Powerful earthquakes hit Turkey and parts of Syria on Monday, causing massive destruction of life and property. More than 6,000 people died in the quake, but the death toll is expected to rise. 

Meanwhile, a shocking report has emerged that notes that the earthquakes may have shifted the tectonic plate it sits on by up to three meters

Turkey and Syria were jolted by two major earthquakes of magnitude 7.8 and 7.5. Several aftershocks hampered the rescue work. 

The epicenter of Monday’s earthquake was at a depth of about 17.9 kilometers near the Turkish city of Gaziantep. The city is home to around two million people. 

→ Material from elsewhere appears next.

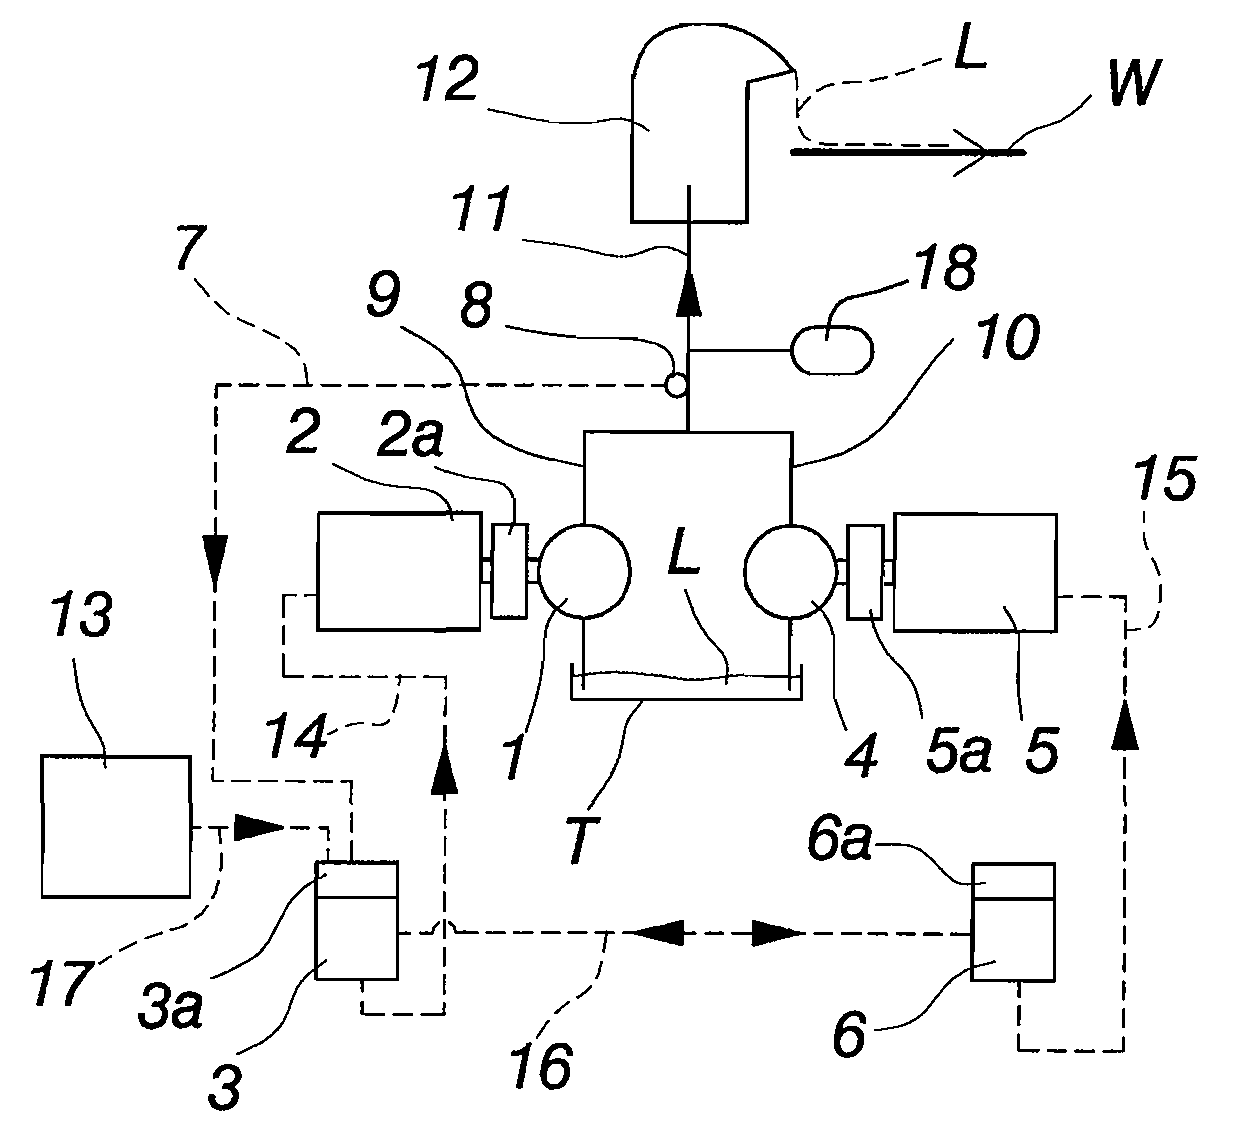 Method for Supplying a Chemical or Chemical Compound in a Fibrous Web Machine and an Apparatus for Implementing the Method
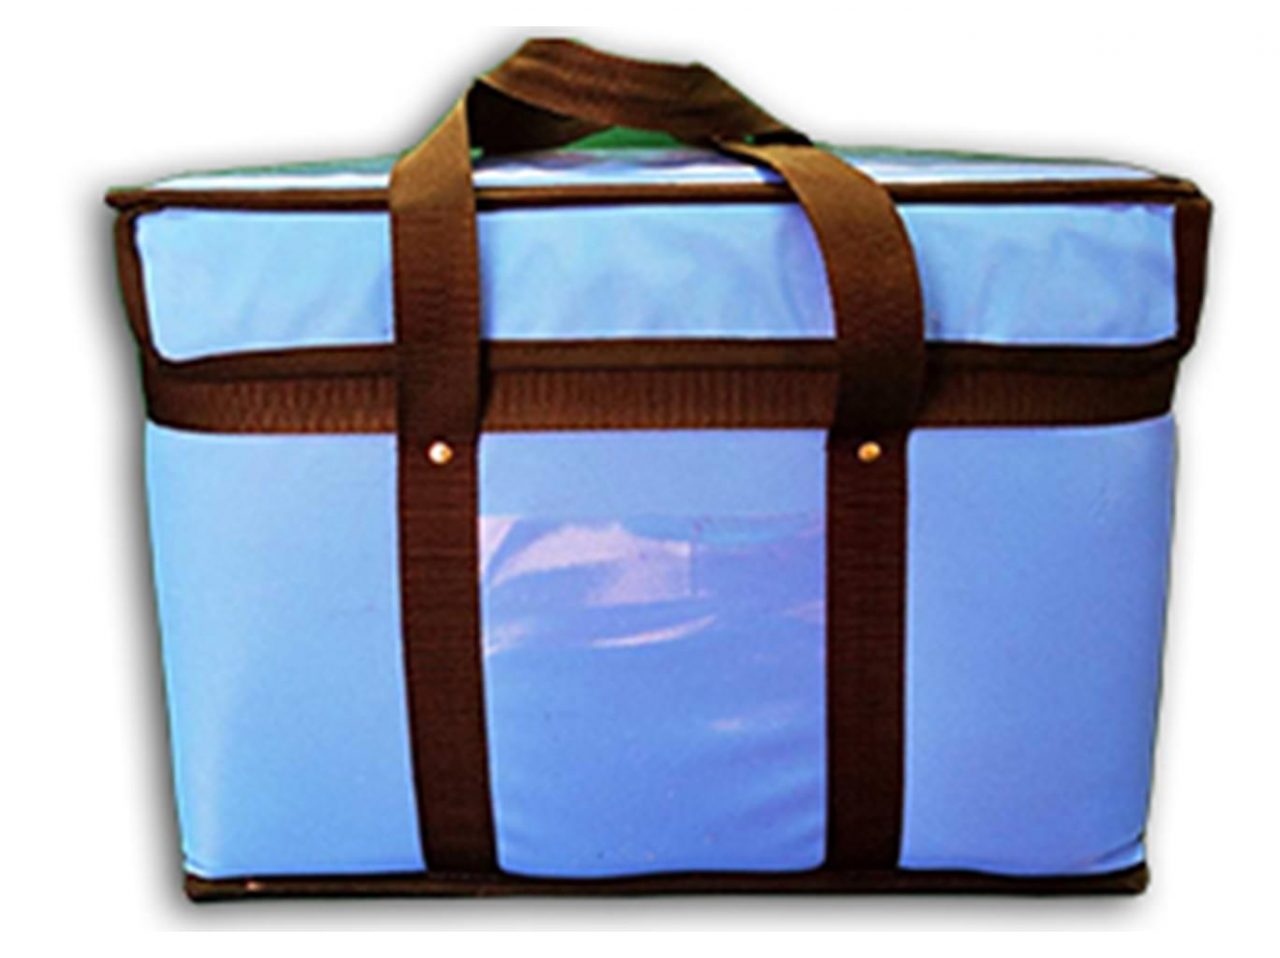 tempack-patient-bags-covers-reusable-packaging-4@2x-1280x958

Later experts revealed that the earthquake was caused by the Arabian tectonic plate moving northward. Turkey is prone to earthquakes as it sits above major faultlines, bordering the Anatolian Plate, Arabian Plate and Eurasian Plate. 

According to the meteorologists, about a 225 km stretch of the fault between the Anatolian Plate and the Arabian Plate has been damaged. 

Dr Carlo Doglioni, who is an Italian seismologist told the news site Italy 24, that after the earthquake, Turkey could even have slipped by up to “five to six meters compared to Syria”. 

As quoted by media reports, Dr Doglioni, who is a president of the Italian National Institute of Geophysics and Volcanology, said that “what we call the Arabian plate moved about three meters along the northeast-southwest direction in relation to the Anatolian plate; we are talking about a structure in the border area between this world, that of the Arabian plate and that of the Anatolian plate”. 

Although, he did mention that more information is needed to produce a concrete result the analysis is based on preliminary data. 

Meanwhile, a Daily Mail report quoted Dr Bob Holdsworth, a professor of structural geology at Durham University, as saying that the plate shift was “perfectly reasonable” considering the magnitude of the earthquake. 

“There is a fairly predictable, widely documented relationship between the magnitude of an earthquake and the typical offset that occurs,” Dr Holdsworth told Daily Mail.  

“The faults that slipped yesterday in Turkey are strike-slip faults that involve mainly horizontal displacements, and so the overall offsets in the region of 3 to 6 meters proposed here are perfectly reasonable,” he further said. 

“As a rule of thumb, a magnitude 6.5 to 6.9 event is associated with an offset of around one metre – whilst the largest known earthquakes can involve offsets of 10 to 15 meters,” he added.